The Specific Features of the M&A Process and the Importance of the Development Calculation for Investment Decisions
Recent years have been marked by significant disruption in the real estate sector. Following a prolonged period of low interest rates, rate levels have risen substantially, leading to higher financing costs while property sale prices have declined or at least ceased to increase further. At the same time, construction costs have increased significantly, further driving up the cost of development projects. These factors have resulted in a series of insolvencies among real estate developers and property development companies — most prominently the collapse of the Signa Group, which, in terms of liabilities, represents the largest insolvency case in Austria’s history.
Against this backdrop, Lukas Csokay, Senior Manager at Management Factory, provides an overview of the particular characteristics of M&A transactions in the real estate sector.
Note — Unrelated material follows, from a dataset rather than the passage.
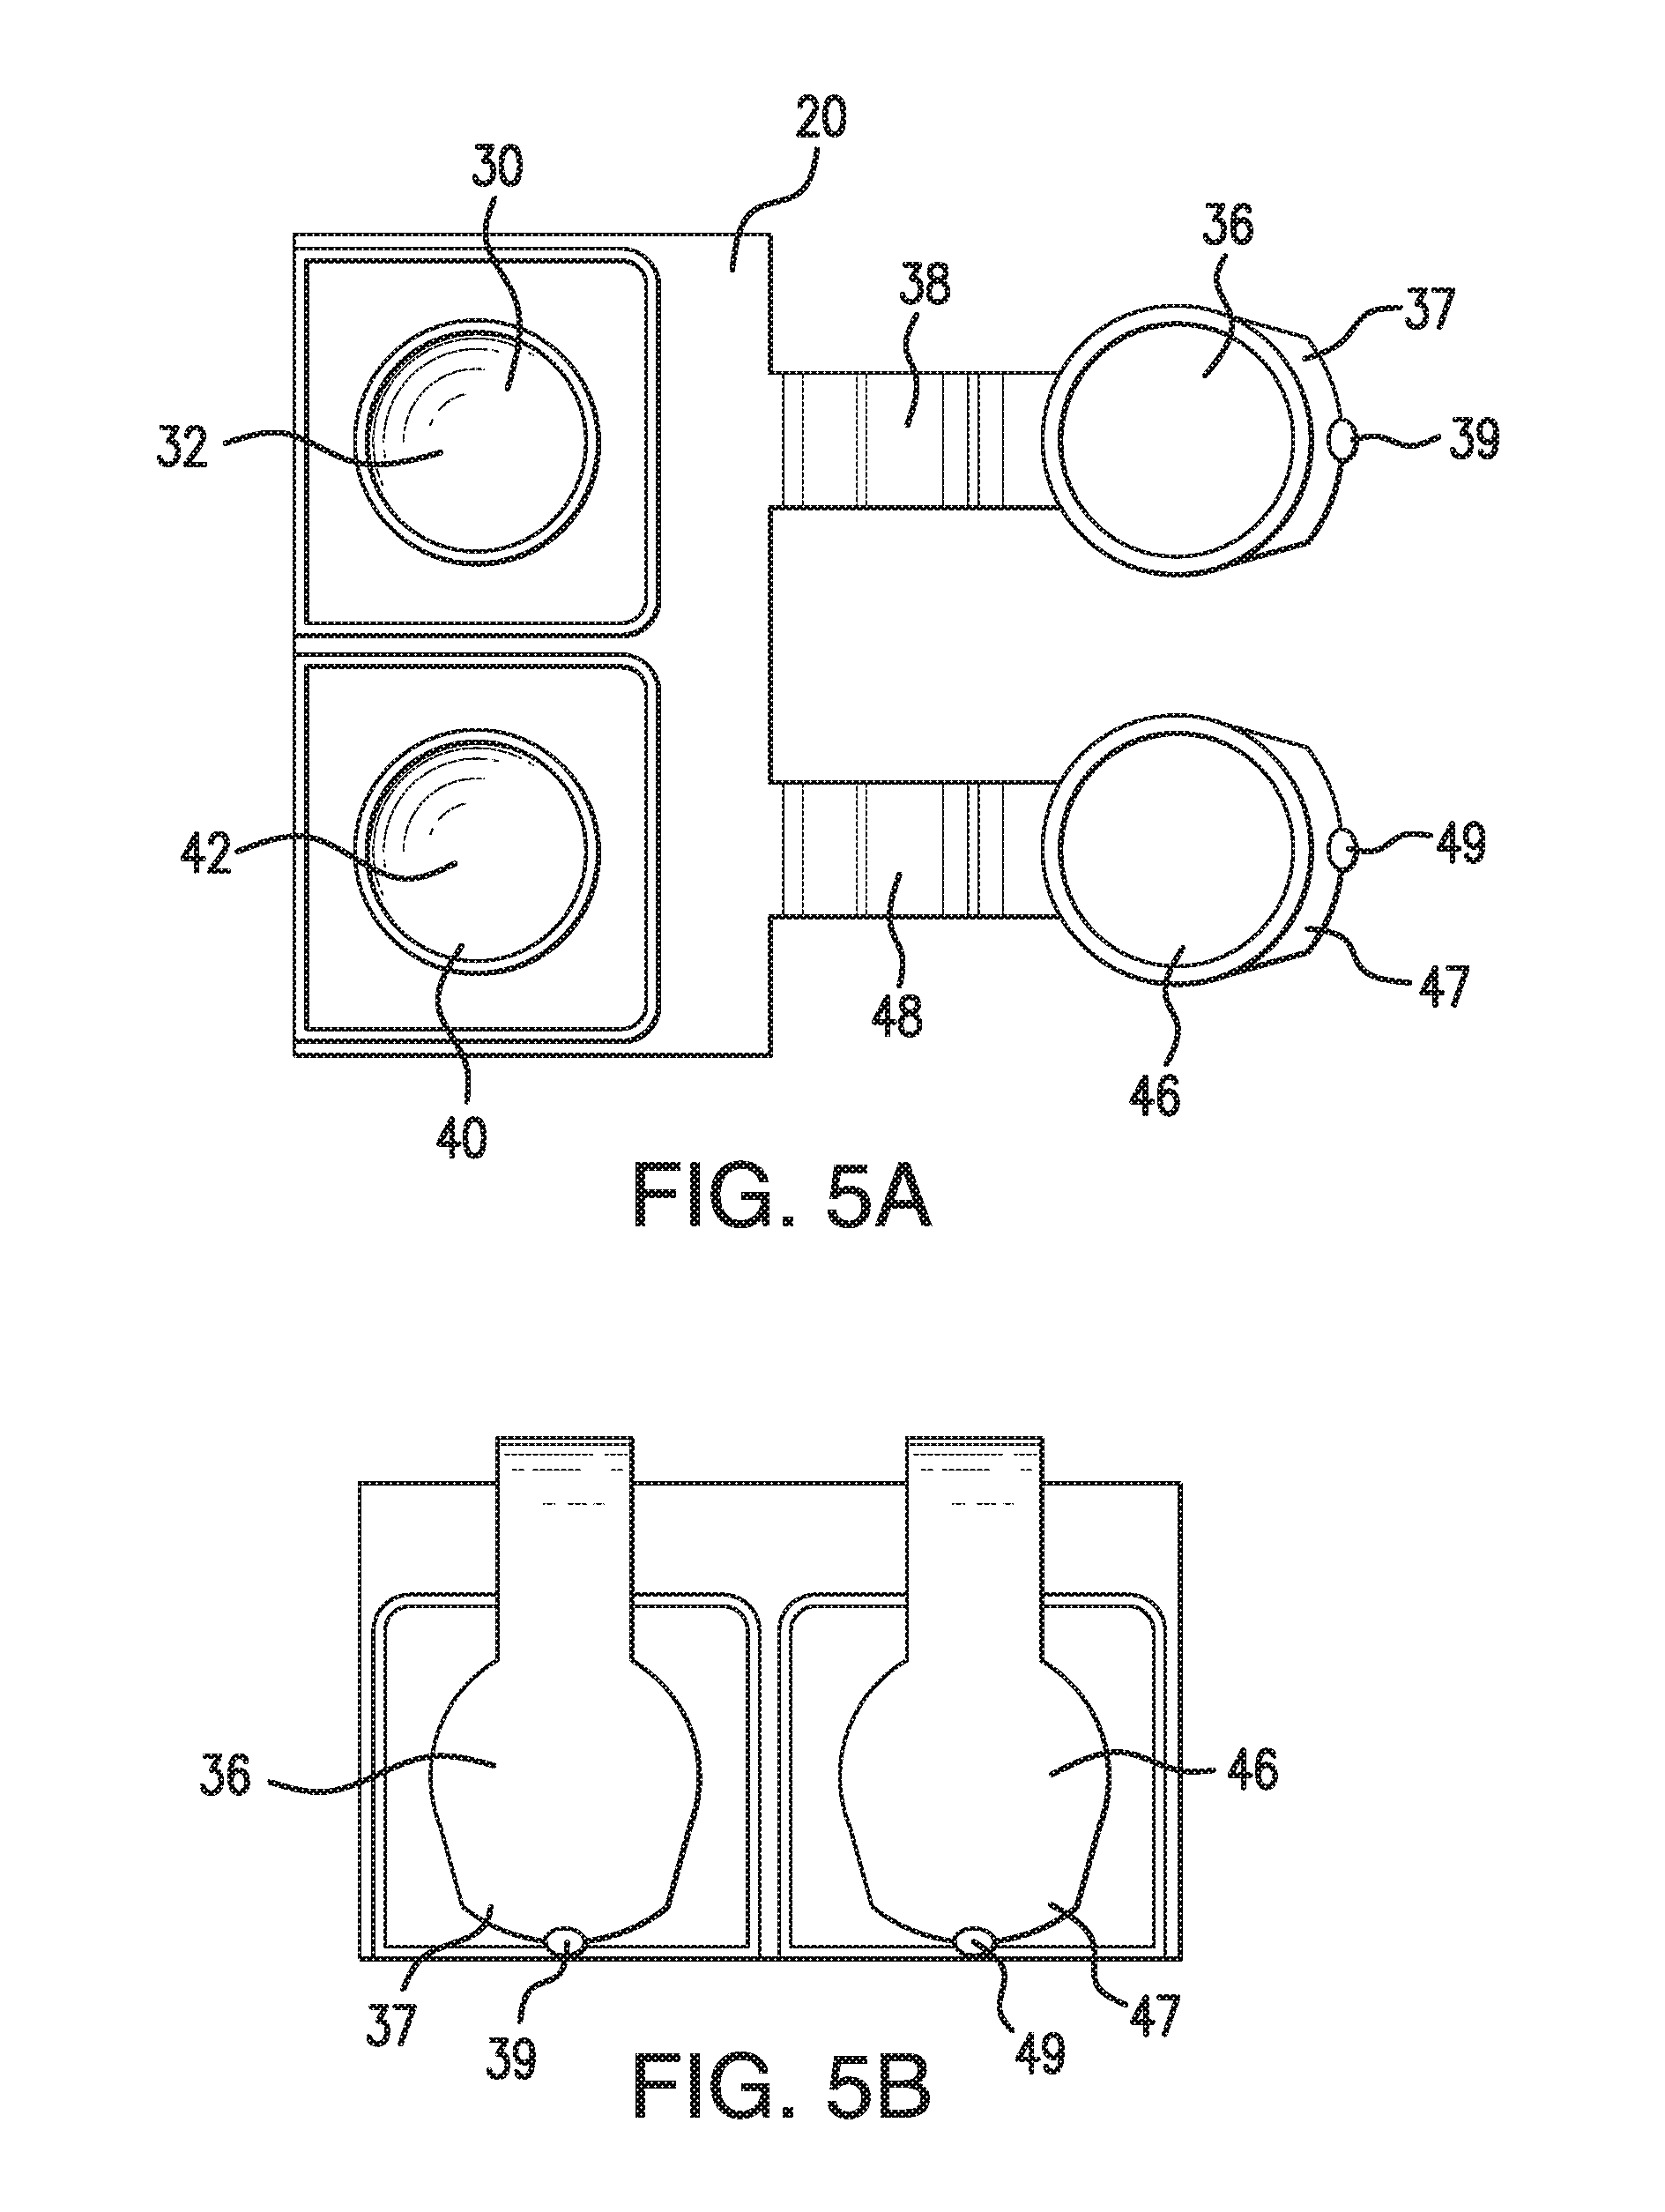 Contact lens case having integrated lens data stowage compartments

He illustrates how sound investment decisions can be made and highlights the role of a robust development calculation in this process. Lukas Csokay currently serves on an interim basis as Head of M&A at an international construction group.
Specific Characteristics of Real Estate M&A Transactions
Real estate markets are inherently local and often fragmented. Demand is influenced by macroeconomic factors such as interest rates, employment levels, and demographic developments. However, local conditions also play a major role — in particular, the location of a property is one of the most decisive factors influencing demand and, consequently, price.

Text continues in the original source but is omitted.